We all pick up subjective signifiers according to background and individual experience. My context was immediately Hans Christian Andersen in terms of the duck. I read ‘ugly’ in an ironic way, as, to me, the dark duck with pink splashes (don’t forget the splashes: as an artist, I read: ‘arty’, ‘creative’ = attractive as well as yummy; I prefer dark chocolate). The white fluffy one was dull - I can’t stand white chocolate. As for the crispy one, it didn’t register. Another friend of colour brought up subtext, but we cannot assume subtext, sometimes we get that wrong too. My main concern with the policing of public signifiers is that we are all coming at this from our varied directions and backgrounds. I don’t think this was a racist incident, though I wasn’t present at the marketing meeting when the decision was made. We need to hear from all sides though, no? If we police culture, we will drive extremists, on both sides underground where darkness proliferates. I prefer to be able to see people’s views and to test and sharpen my own views – and be open to changing them – alongside diverse opinions.
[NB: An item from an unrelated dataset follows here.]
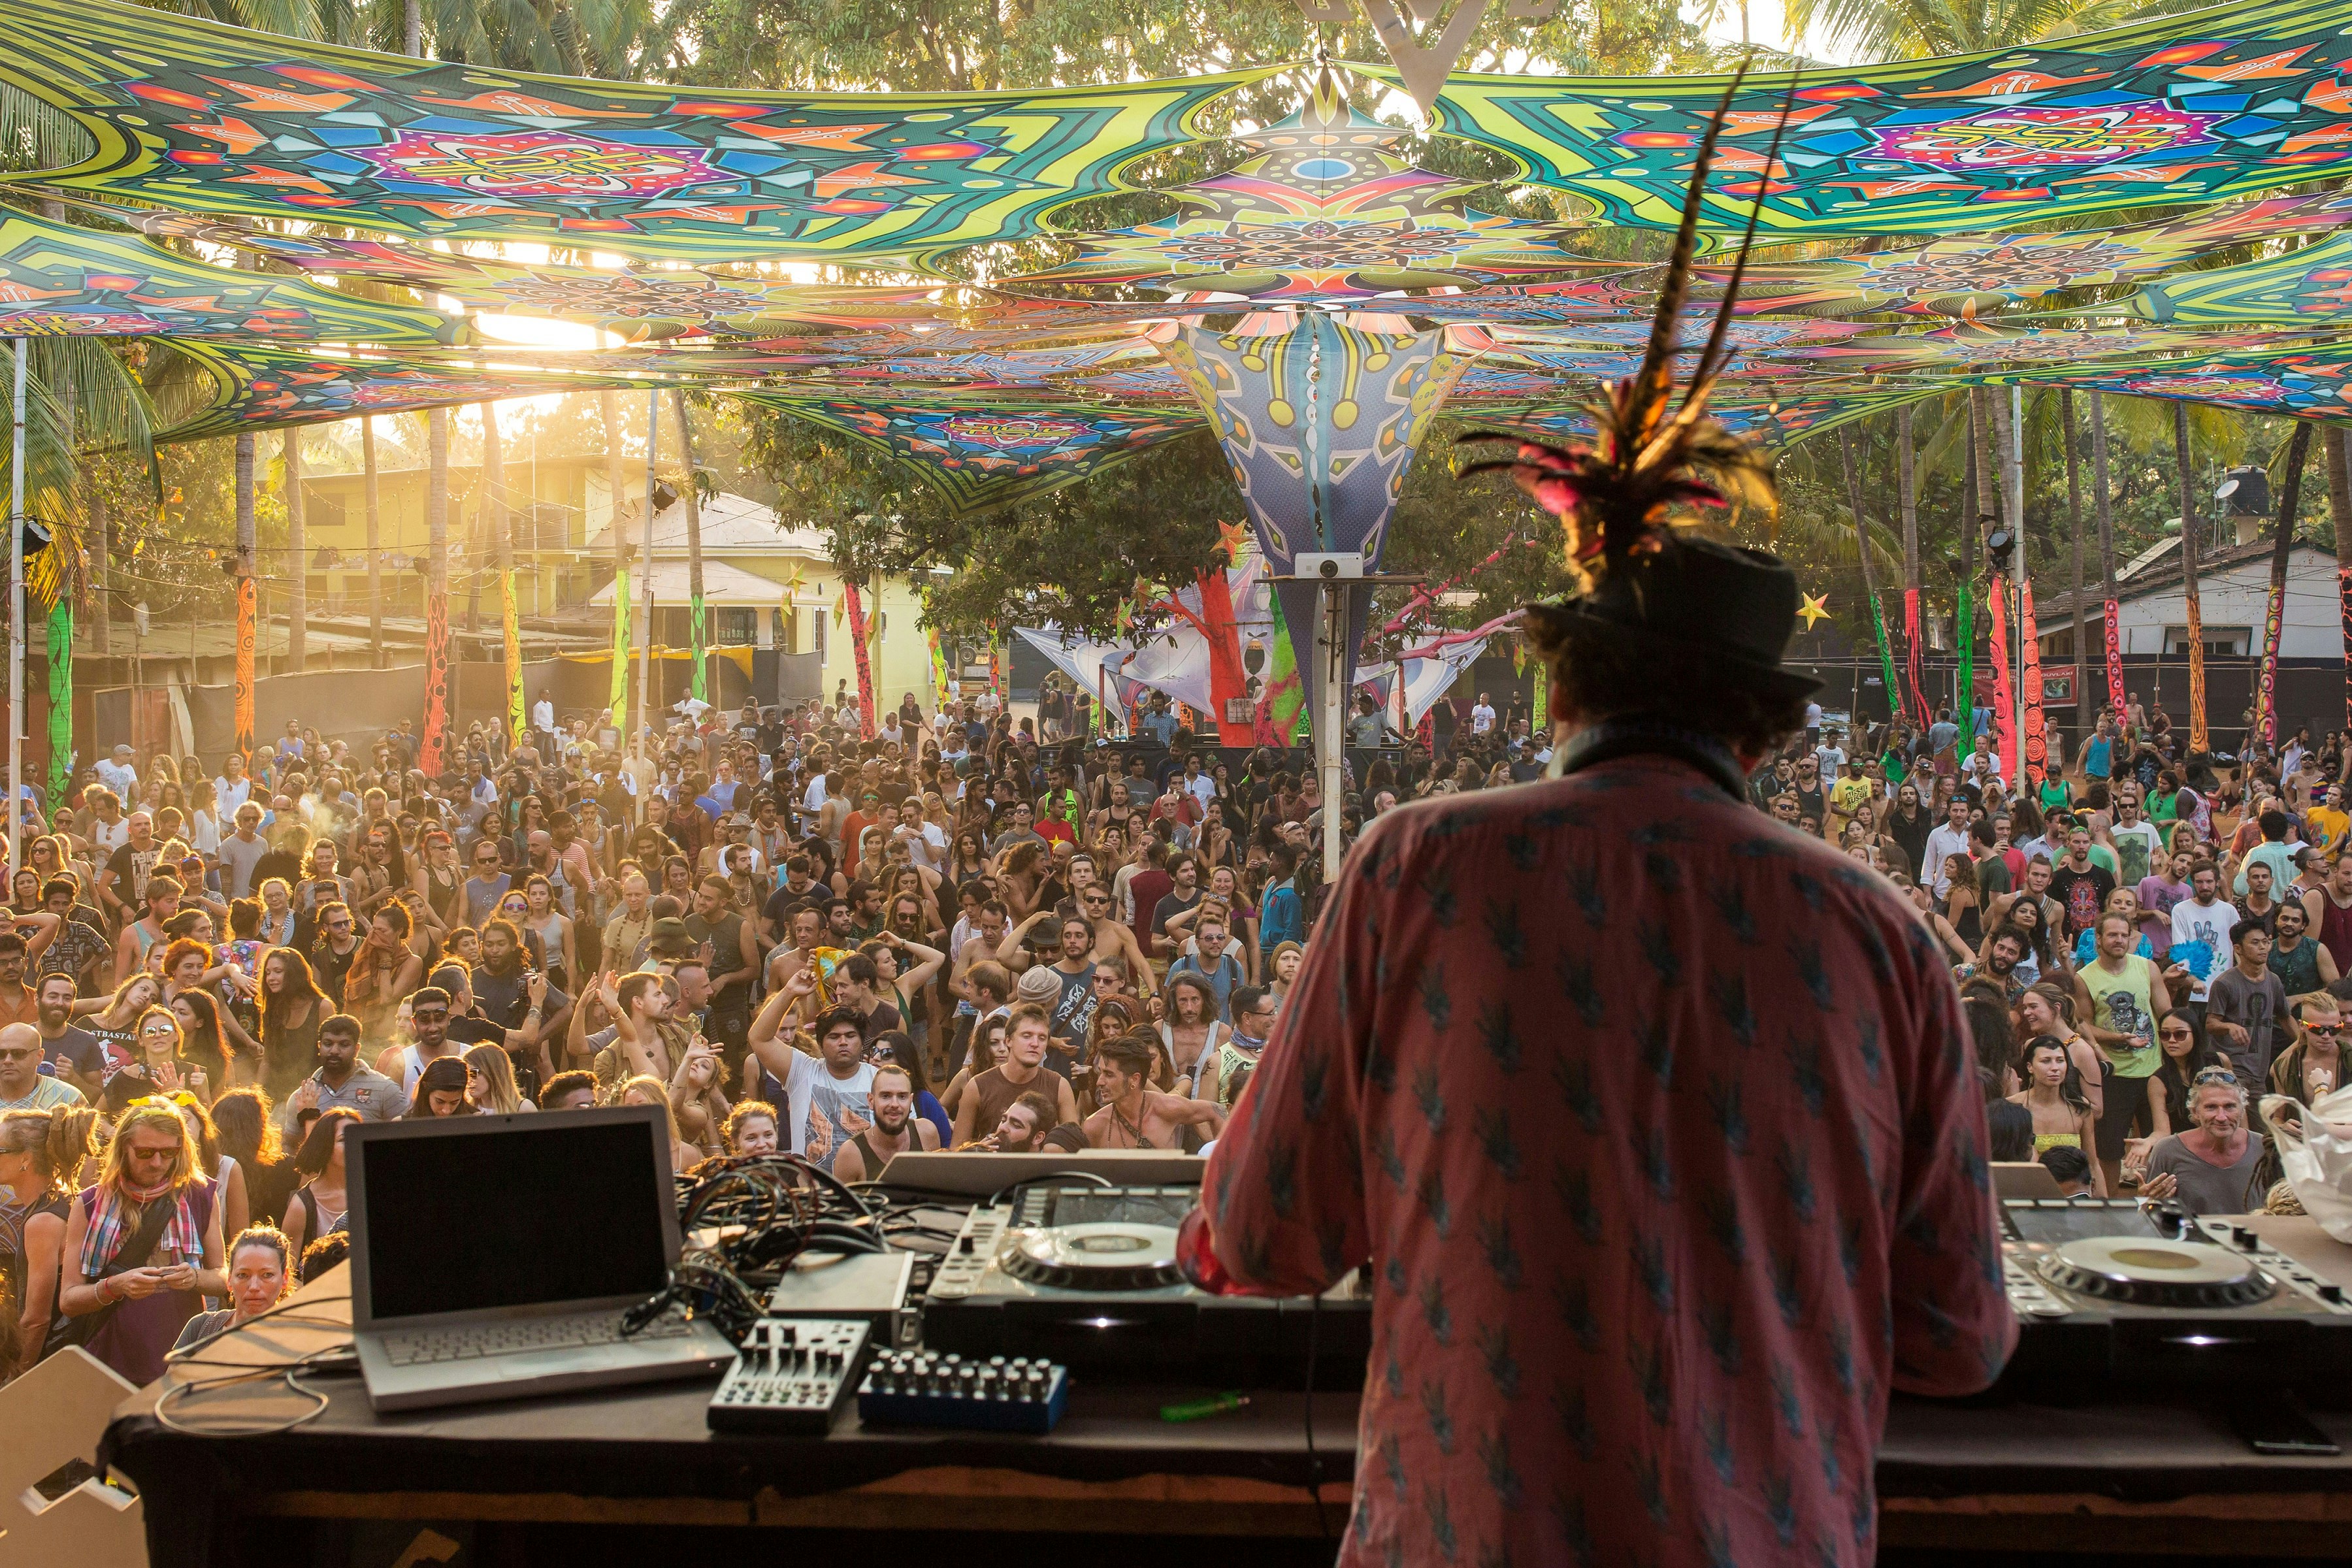 A DJ, on a raised stage, spins the decks in front of a large crowd at HillTribe club in Goa.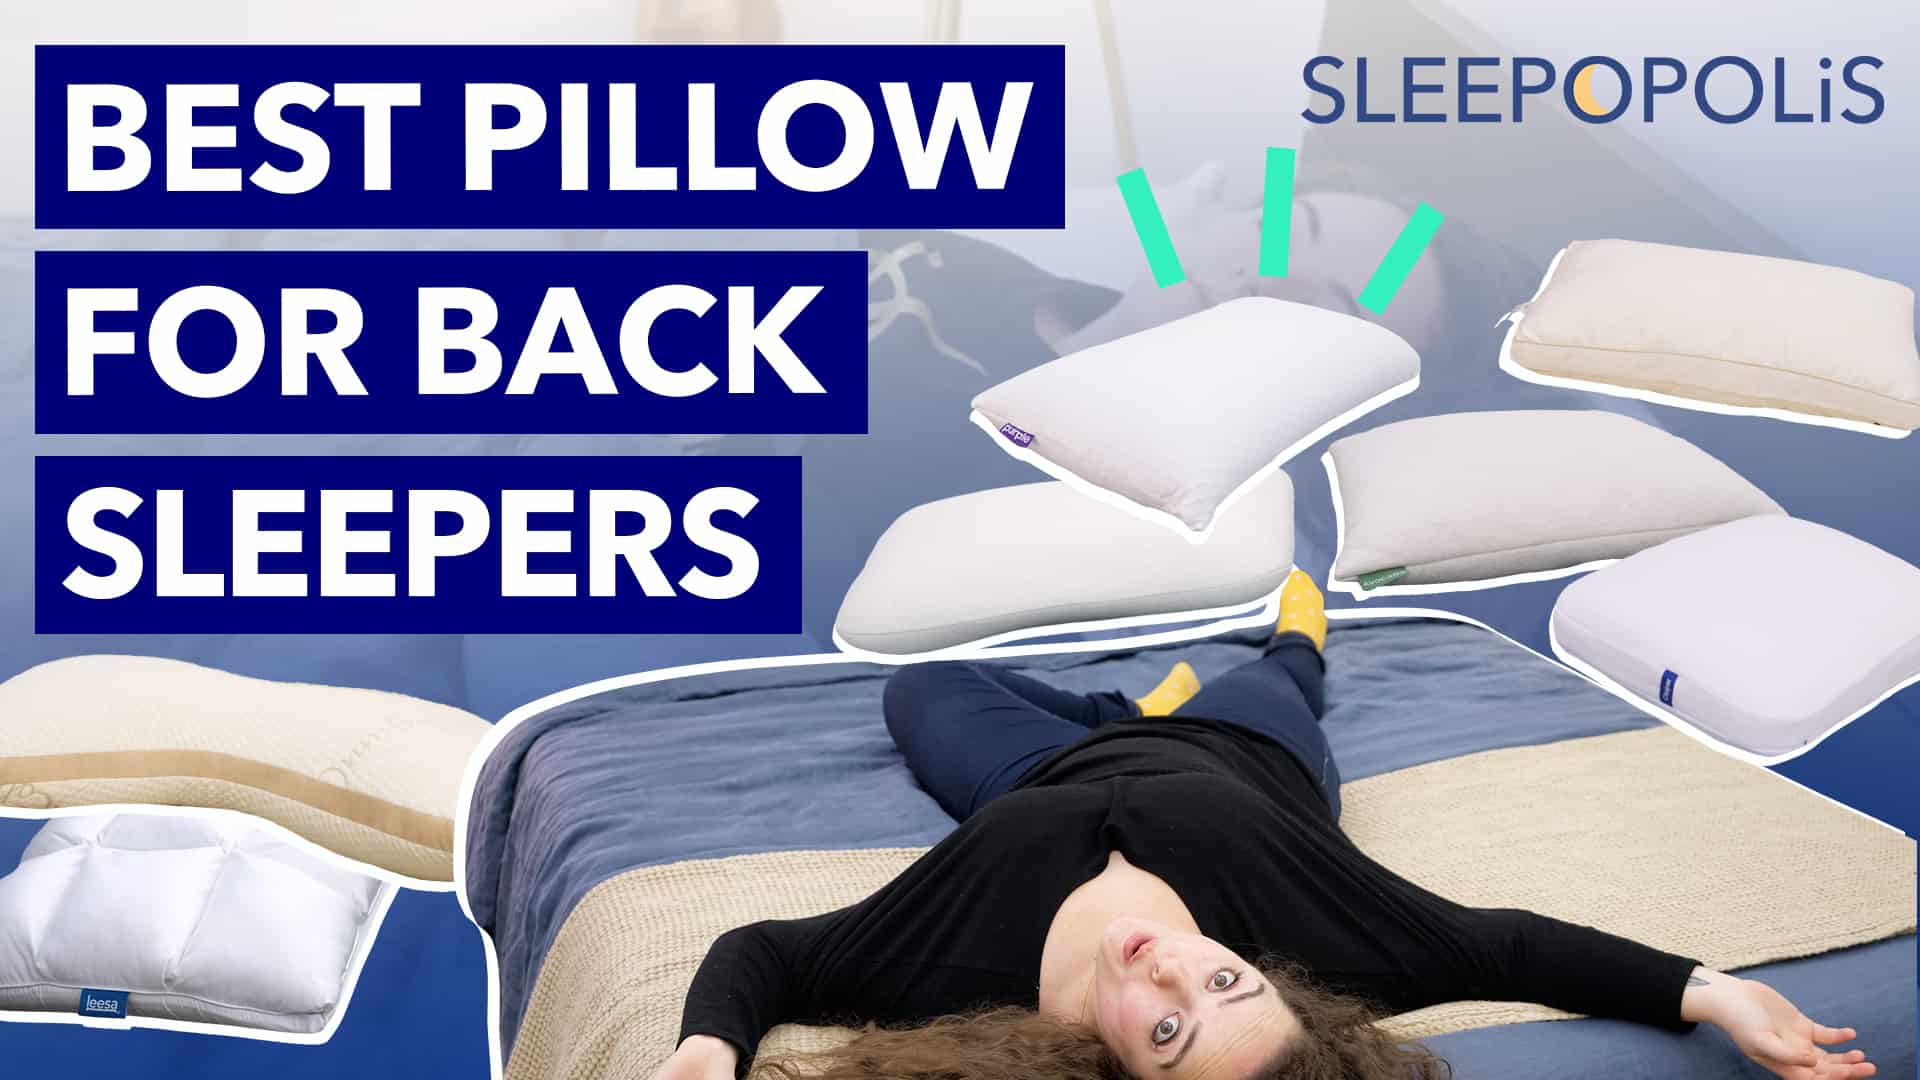 Best Pillow for Back Sleepers (2020

I’ve noticed that invariably people like to react and attack – on both sides of the debate. Few respond reasonably and thoughtfully. I think, when we act from emotion, rather than reason we tread a dangerous path. It’s good to talk, not shout.

Should we be able to laugh at the duck debacle? Should we give 2 ****s about the Waitrose ducks? Some comments on my page made me squirm, some of the jokes were funny, meant to be ironic, though possibly not seen that way by all. I don’t police my author Facebook pages, so I have left them there as a comment on where people (on Facebook are coming from). This is not to say I agree with all of it but I do think humour should be allowed to walk the line and hover over the hairy edge as it were; but of course we do not want to deliberately hurt people and sensitivity to people and context are important. It’s a tricky business, but let’s keep the business open for all sorts of reasons.